It is taking an unusually long time for DDM profiles to go from verifying to verified. Often well beyond an hour.

🧑‍💻  Steps to reproduce

  1. Create a DDM profile, deploy it to a device, and observe status in Fleet UI
  2. Once it is verified, update the profile with a new setting and re-deploy (via GitOps)
  3. Observe that the profile takes a long time to go from verifying to verified

🕯️ More info (optional)

Clicking resend on a mobileconfig configuration profile results in a responsive status (seconds/minutes) of going from verifying to verified. DDM configuration profiles do not.

More info in this Slack thread: https://fleetdm.slack.com/archives/C03C41L5YEL/p1744048572372529

🛠️ To fix

Product designer @marko-lisica:

The profile should be verified after the declaration profile is edited (via GitOps) as soon as we get status response from the host. AFAIK host automatically sends a status report when the declaration is added or edited.

allenhouchins avatar Apr 08 '25 14:04 allenhouchins

Slack thread screenshot (so we don't loose information)

Image

marko-lisica avatar Apr 09 '25 11:04 marko-lisica

  1. Create a DDM profile, deploy it to a device, and observe status in Fleet UI
  2. Once it is verified, update the profile with a new setting and re-deploy (or click resend)
  3. Observe that the profile takes a long time to go from verifying to verified

@noahtalerman @allenhouchins "(or click resend)" this part confuses me. We have a story to disable Resend button for declaration profiles, as that's not possible.
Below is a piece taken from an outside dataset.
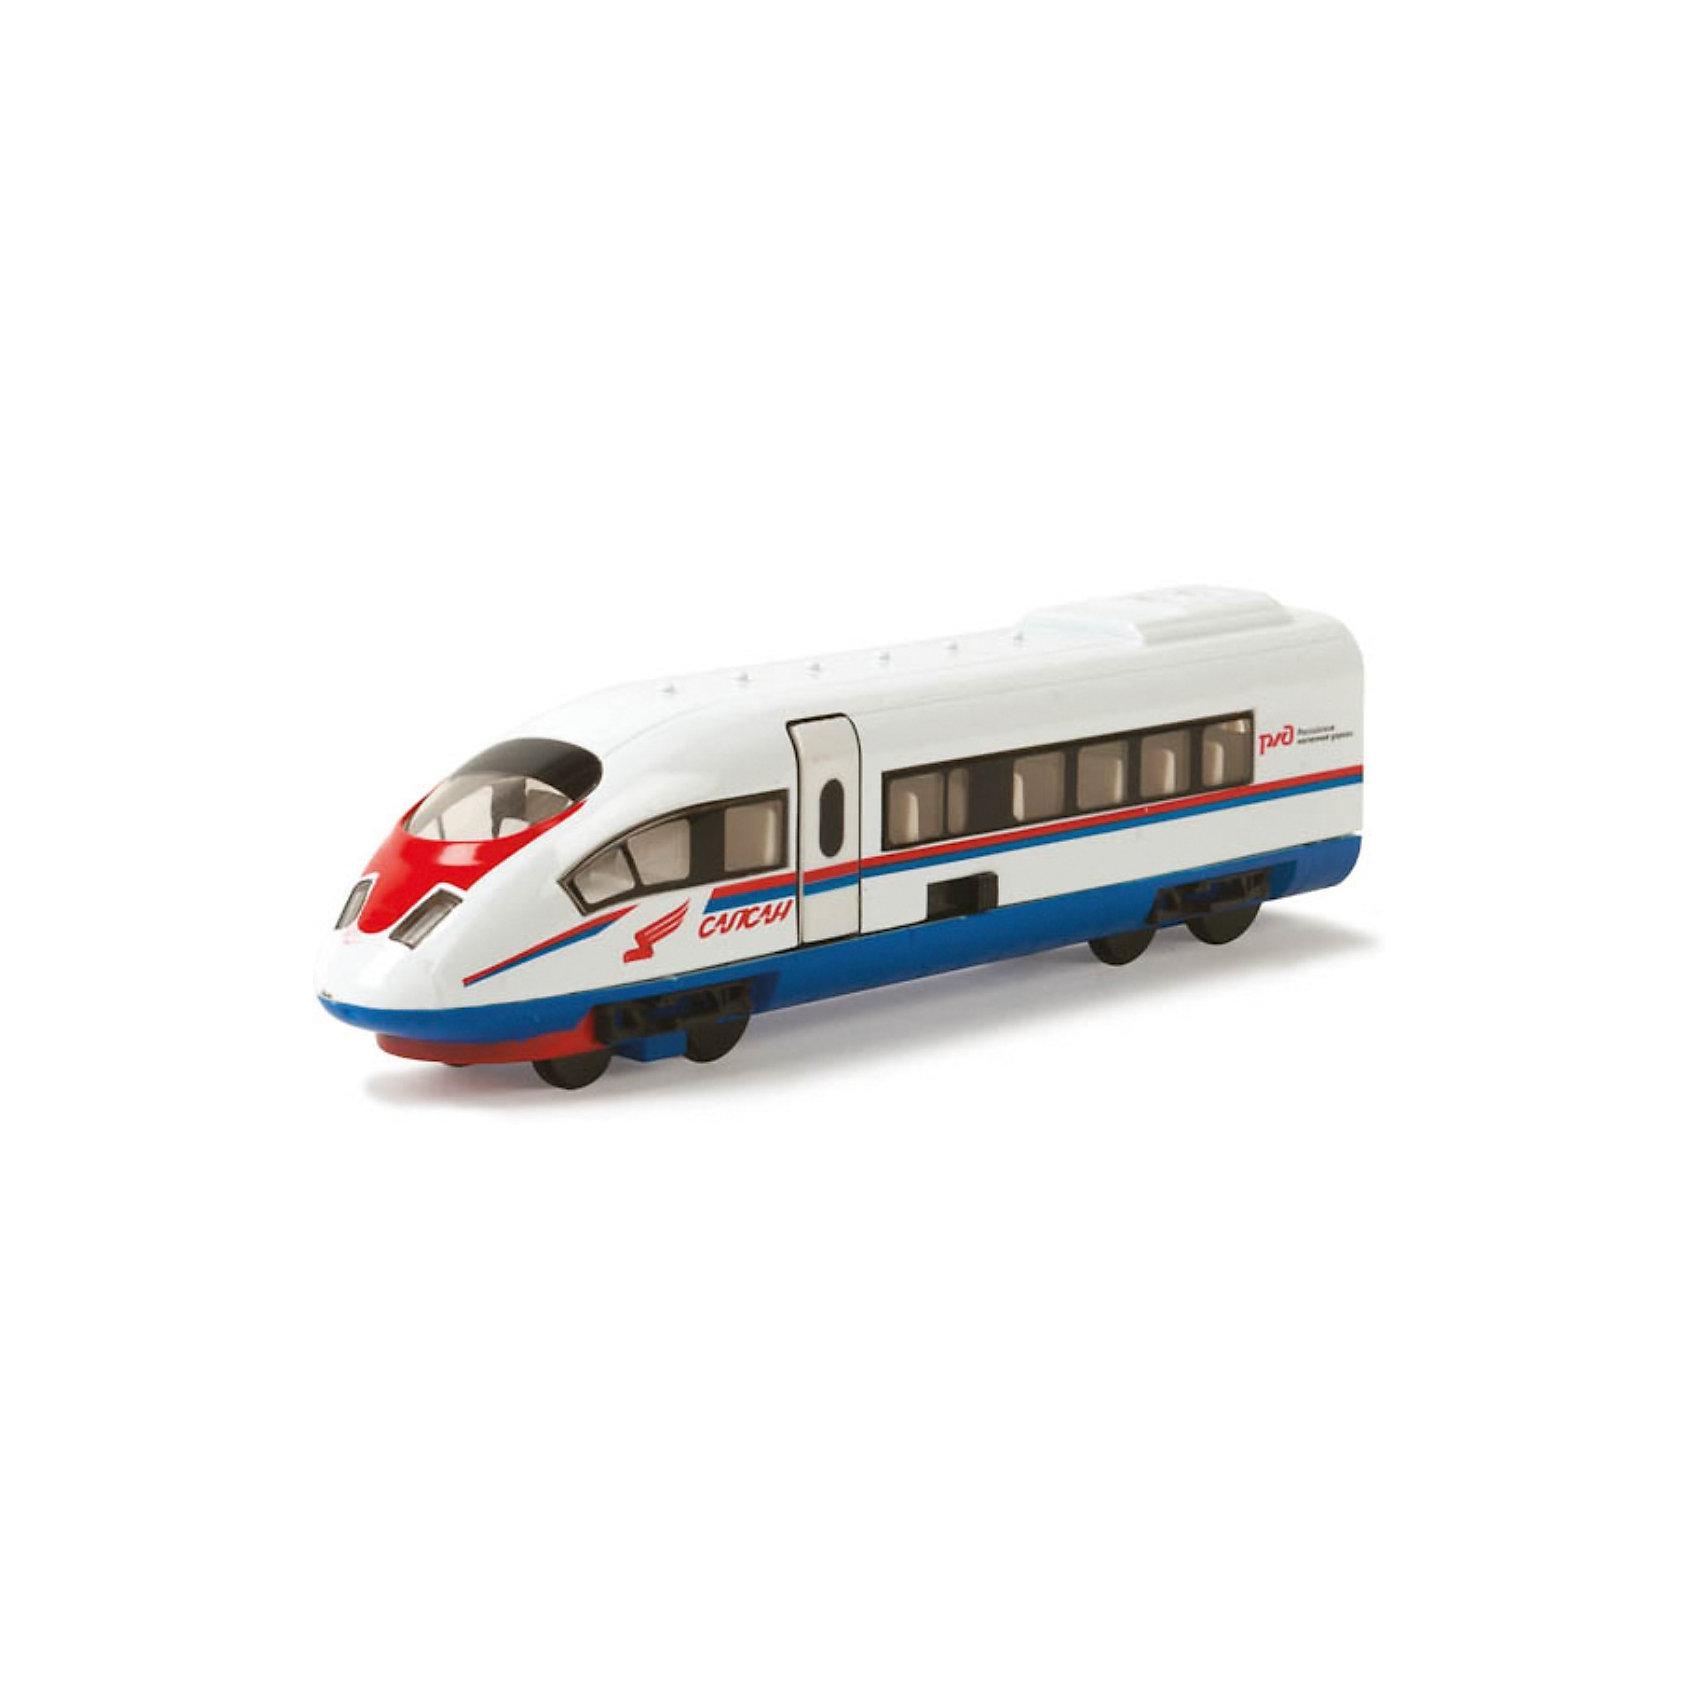 Поезд Сапсан РЖД, инерционный, со светом и звуком, ТЕХНОПАРКИгрушечная железная дорога<br>Поезд Сапсан РЖД, инерционный, со светом и звуком, ТЕХНОПАРК – эта коллекционная игрушка, миниатюрная копия настоящего поезда.<br>Коллекционная модель поезда Сапсан из серии Технопарк обладает высокой реалистичностью за счет большого числа двигающихся элементов (открываются двери), звуковых и световых эффектов. Модель сделана из металла и оснащена инерционным механизмом: стоит откатить ее назад, слегка нажав на крышу, и отпустить, и поезд с большой скоростью поедет вперед. Все достоинства игрушки обязательно оценит мальчик, увлекающийся современными транспортными средствами. <br><br>Дополнительная информация:<br><br>- Материал: металл, пластик<br>- Размер упаковки: 24 х 12.5 х 5 см.<br>- Размер игрушки: 18 х 4 см.<br>- Требуются батарейки: 3 х LR41 (в комплект не входят)<br><br>Поезд Сапсан РЖД, инерционный, со светом и звуком, ТЕХНОПАРК можно купить в нашем интернет-магазине.<br><br>Ширина мм: 240<br>Глубина мм: 60<br>Высота мм: 130<br>Вес г: 270<br>Возраст от месяцев: 36<br>Возраст до месяцев: 120<br>Пол: Мужской<br>Возраст: Детский<br>SKU: 3789469

I think we should remove that from the repro steps.

If I understand, the problem here is, when the declaration profile is updated (additional password requirement added), it doesn't verify, which should be because the profile is different, and the host should send a DDM status report back as soon as something is changed.

marko-lisica avatar Apr 09 '25 11:04 marko-lisica

Request was for under 5m for normal online device.

georgekarrv avatar Apr 09 '25 17:04 georgekarrv

Had to kick this back out of the sprint to make room for https://github.com/fleetdm/fleet/issues/24475

georgekarrv avatar Apr 18 '25 15:04 georgekarrv

This state is easy to achieve -- when we delete and immediately add back the same profile while the device is offline. Image

getvictor avatar May 09 '25 22:05 getvictor

@georgekarrv Marked as P2 per this slack conversation: https://fleetdm.slack.com/archives/C03C41L5YEL/p1747088827683919

getvictor avatar May 13 '25 15:05 getvictor

DDM flows are complicated and hard to maintain. Filed an eng-initiated story to improve the situation: #29132

getvictor avatar May 14 '25 14:05 getvictor

QA Test results:

I ran thru two scenarios in 4.68 and was able to reproduce the bug:

  1. Delete then re-add the ddm profile while the host is offline
  2. GitOps workflow mentioned in the bug details

✅ Once I applied the patch, the profiles went back to verified within a few seconds in both scenarios.

Leaving in Awaiting QA until load tests are completed

PezHub avatar May 29 '25 19:05 PezHub

Discovered an issue with DDM profiles and osquery_perf hosts so we could not perform load tests. We have a fix for next sprint #29973 and I plan to revisit

PezHub avatar Jun 13 '25 16:06 PezHub

In the cloud city's glow, Profiles verify with ease, Swift like the wind's flow.

fleet-release avatar Jul 15 '25 15:07 fleet-release